Я даже слышал, как автоматчик на вышке передернул затвор. Дневальный выбежал с вахты: « Чего тебе?» Тот: «В оперчасть». После кум списал его на другую зону…

…Раз в год прокурорская проверка. Приезжает проверяющий, заходит. Полковничьи звезды, папаха, сапоги блестят. Спрашивает одного: «Ну, что, Петров, сидишь?». А он не первый год ездит, всех уж по фамилиям знает. Тот гриву опустил: «Сижу, гражданин начальник». «А куда ты на … денешься!». Ему весело, он вкусно покушал, у него губы лоснятся, хорошую сигарету курит. Да куда Петрову деваться, он еще полсрока не отмотал, никуда он не денется! А что он будет обижаться? Это же мент, ему по чести положено. Он тебя и «козлом» назовет, что ты с него возьмешь? Другое дело, если тебя так назовет такой же зэк. Тут будут разбираться: как? что? почему? на каком основании? Это серьезно, Федор, за это могут и на нож посадить…

… Бывает, простынешь, тебя знобит, колотит. Это называется «кумар долбит». Приходит кто-нибудь. «Ты чего, Толян, сегодня такой?». «Да, говорит, кумар долбит». А его спрашивают: «А из какого он отряда?». Ха-ха-ха! Вот такой там юмор, Федор…

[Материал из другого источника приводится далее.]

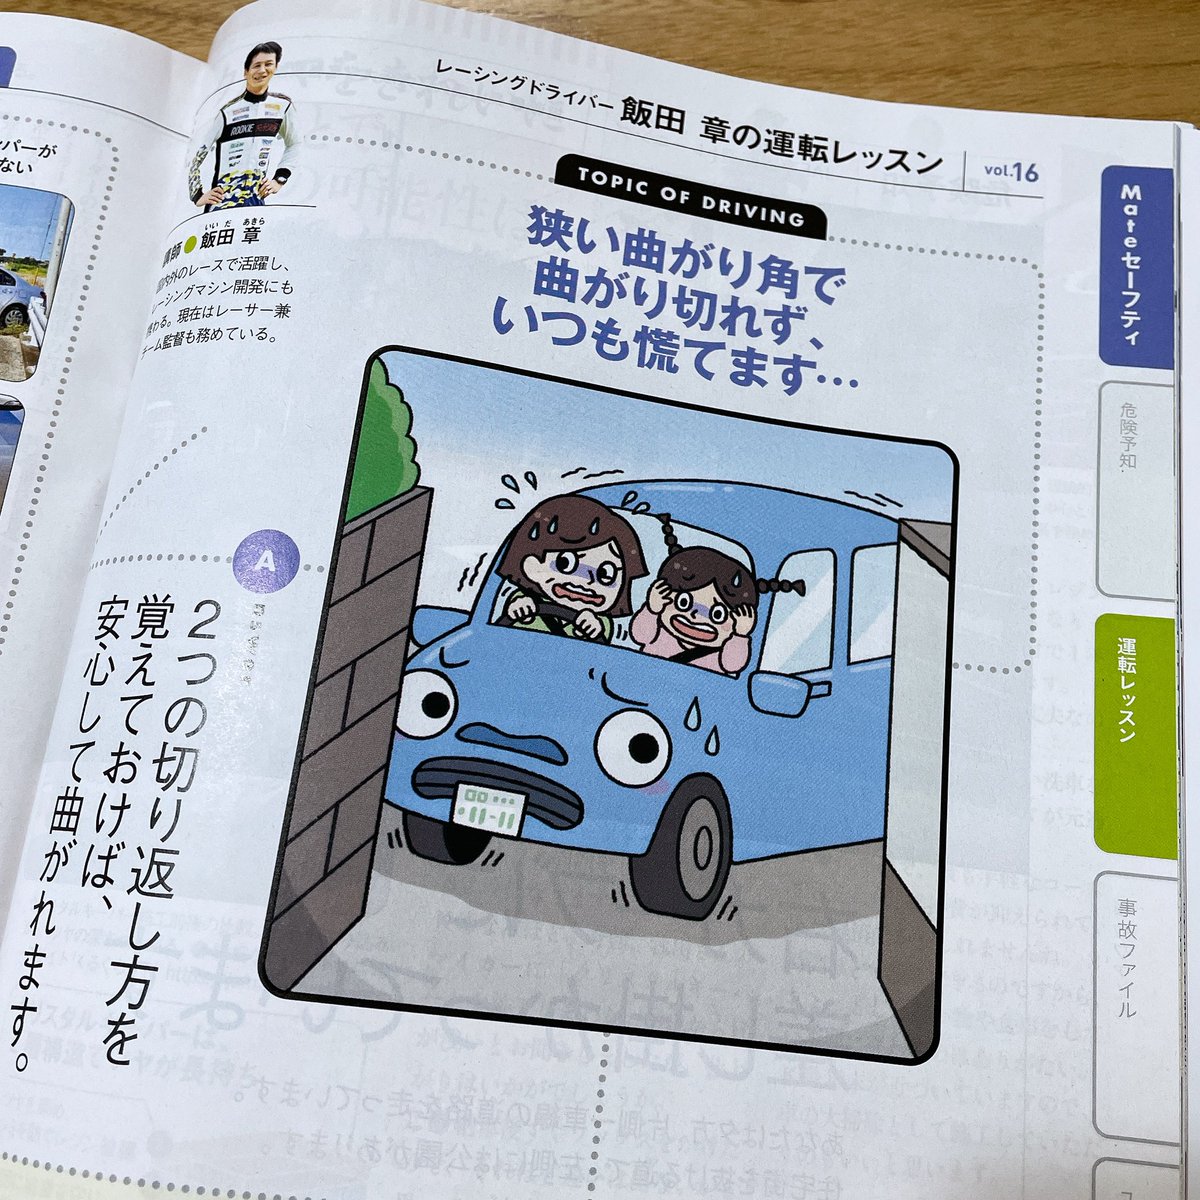 『JAF Mate』さん11、12、1月号の『飯田章の運転レッスン』コーナーの挿絵を描かせていただきました!1月号にはポケモンドライブすごろく特集があって可愛いぞ〜!??✨

… Хозяин майор Бочкарёв идет в баню, как Троекуров по подворью. Калоши с шерстяными носками, галифе, телогреечка внакидку, под мышкой веник. Чума с метлой метет территорию, поклонился ему: «Здравствуй, барин». Тот, не глядя: «Ниже голову, скотобаза!» И дальше топает. Хороший мужик был…

… Короче, попал я в больничку. И был там такой подполковник Аксаев, осетин. А кстати, он меня сразу выкупил. «Слушай, говорит, сюда внимательно, пацан». Пацаном меня звал. «Вот если я сейчас напишу в истории болезни, что ты симулянт, а ты симулянт, причем стопроцентный, тебя на зоне сразу спишут в бригаду к исковикам, дадут топор с самой длинной ручкой, и вперед –– сучки рубить! А когда заболеешь по-настоящему, а в лесу заболеть дважды-два, сам знаешь, ты уже освобождение не получишь. Понял?». Понял, говорю. Он помолчал. Потом: «У тебя отец с Кавказа?» Да. Он еще помолчал. «Что делать-то умеешь?». А что надо?  «Ну, рисовать, плакаты писать». Я говорю, могу. Месяц я ему обновлял наглядную агитацию. А месяц канта, Федор, год жизни, так там говорят. Когда на работу стал выписывать, спрашивает: «Ты в Баку был?». Я говорю, был. «Хороший город?». Хороший. «Понравился тебе?». А что ж, говорю, не понравился, понравился, конечно. «Зачем в Тавду пришел?». Я говорю, вы как-то странно рассуждаете. Я ведь здесь, собственно, не по своей воле оказался. Он: «Брось! Все вы так говорите. Надоели! Я уж тут на вас насмотрелся и в очках, и без очков. Тебя сюда никто не звал. Ты сам приперся. Запомни это на всю жизнь!». И вот, Федор, как ни обидно, как ни обидно, а он прав, прав…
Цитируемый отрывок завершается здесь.